Na realidade, foi mais do que isso. Mais do que encontrar uma força que não tinha, que na verdade só anos mais tarde me apercebi disso, encontrei uma razão de ser, que eventualmente todos encontramos com mais ou menos clarividência ou imediatismo.
Encontrei-a cedo. Chamemos-lhe uma razão de ser repartida. Por um lado já em miúdo decidi que queria fazer música e viver para isso, e por outro que só a faria se fosse com eles. É que para mim Capitão Fausto é mais sobre a força da amizade que nos une desde miúdos e não o facto de sermos uma banda. Um gangue. A cada dia que passa não sei se estou mais grato por estarmos a crescer como banda ou como amigos. E no bom que é, passados já vários anos, continuar a crescer uma amizade e eu a crescer com eles. Mas sobre bandas que crescem ou estão muito contentes pelos feitos que alcançam já todos vocês conhecem a lenga-lenga do obrigado e do auto-elogio humilde.

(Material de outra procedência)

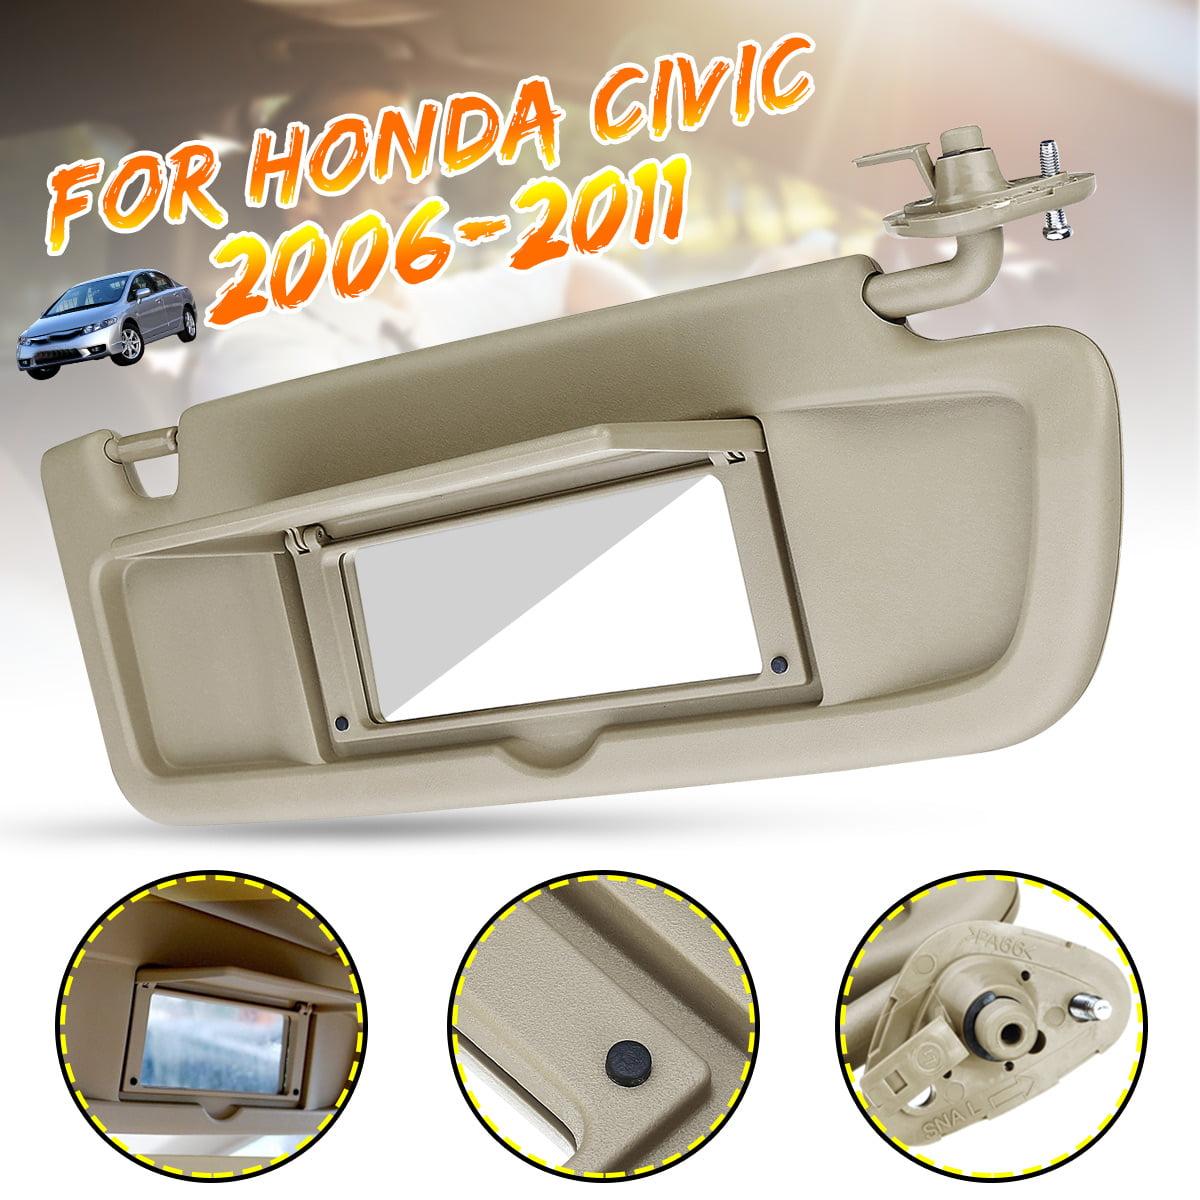 Left Driver Side Sun Visor Replacement for 2006 2007 2008 2009 2010 2011 Honda Civic EX LX Sedan SI Coupe 83280-SNA-A01ZA Sun Visor Assembly Atlas Gray

Quando soube que íamos tocar ao Coliseu, uma sala tão bonita e importante para as bandas Portuguesas, a minha primeira reacção foi pensar neles. Não na banda, não no futuro, neles. Há aqui um certo egoísmo da minha parte. No limite interessa-me mais a partilha deste momento com eles, no facto de ser mais uma história para acrescentar às nossas vidas. Um concerto, um disco, um festival, tudo são marcos que as bandas vão alcançando. O curioso é que todos nós temos a plena consciência da importância destes passos e de todo o trabalho que isso implicou e ainda implica. Muitas vezes dizem que não exteriorizamos isso e que devíamos ser mais efusivos a celebrar conquistas. Aquilo que me inspira neles os quatro é eu saber que eles sentem a felicidade das conquistas mas são sempre incrivelmente pragmáticos e directos ao assunto: "Boa, vamos ao próximo". São pouco pavões no fundo. Já eu não sou pavão mas sou mais lamechas do que eles.

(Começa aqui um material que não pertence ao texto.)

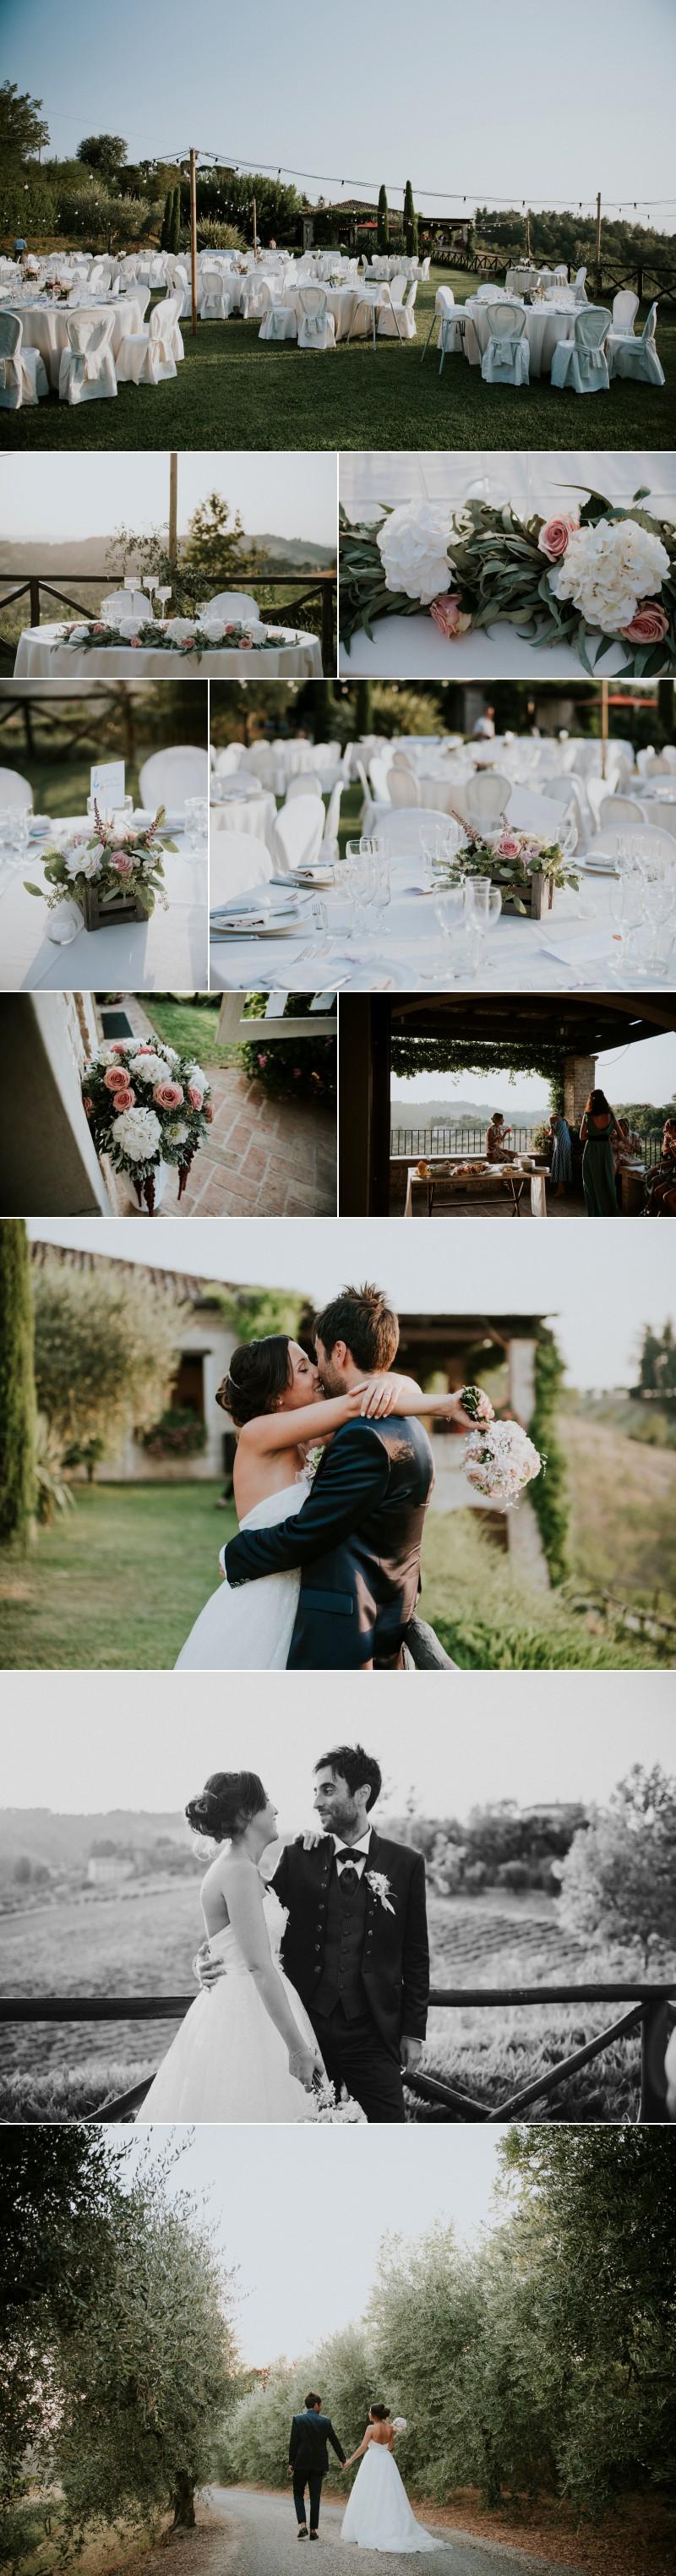 Fotografo Matrimonio Casa Celincordia Cesena 900

E por isso estaria a enganar-me se não reconhecesse que este é também um momento de partilha. Com o nosso crescimento acredito que houve uma geração que cresceu connosco. Os músicos às vezes demoram meses a fazer canções e quem as ouve fá-lo em minutos, assim de vez em quando. Há uma assimetria de informação. Todas as bandas dão uma importância muito maior aqueles minutos porque sabem tudo o que eles implicam. Quem ouve apenas gosta ou não gosta. Às vezes de uma forma terrivelmente, ou maravilhosamente, simples. É quase impossível agarrarem-se a elas como nós. Felizmente, desde 2011, muita gente se agarrou mais do que a esses minutos e de uma maneira ou de outra identificou-se com aquilo que fazemos e directa ou indirectamente cresceu connosco a ouvir a nossa música. Uma companhia. Ainda hoje vejo muitas caras conhecidas que já havia visto nas alturas do Gazela e do Pesar o Sol e a cada concerto reconheço caras antigas e outras novas já com lugar cativo. No fundo estamos todos a crescer e embora nunca ninguém consiga dar a importância que nós, egoístas, damos às nossas canções, a verdade é que muita gente se aproximou mais delas do que alguma vez imaginámos. E isso deve ser celebrado. Podemos chamar a este concerto no Coliseu de isso mesmo: Uma celebração.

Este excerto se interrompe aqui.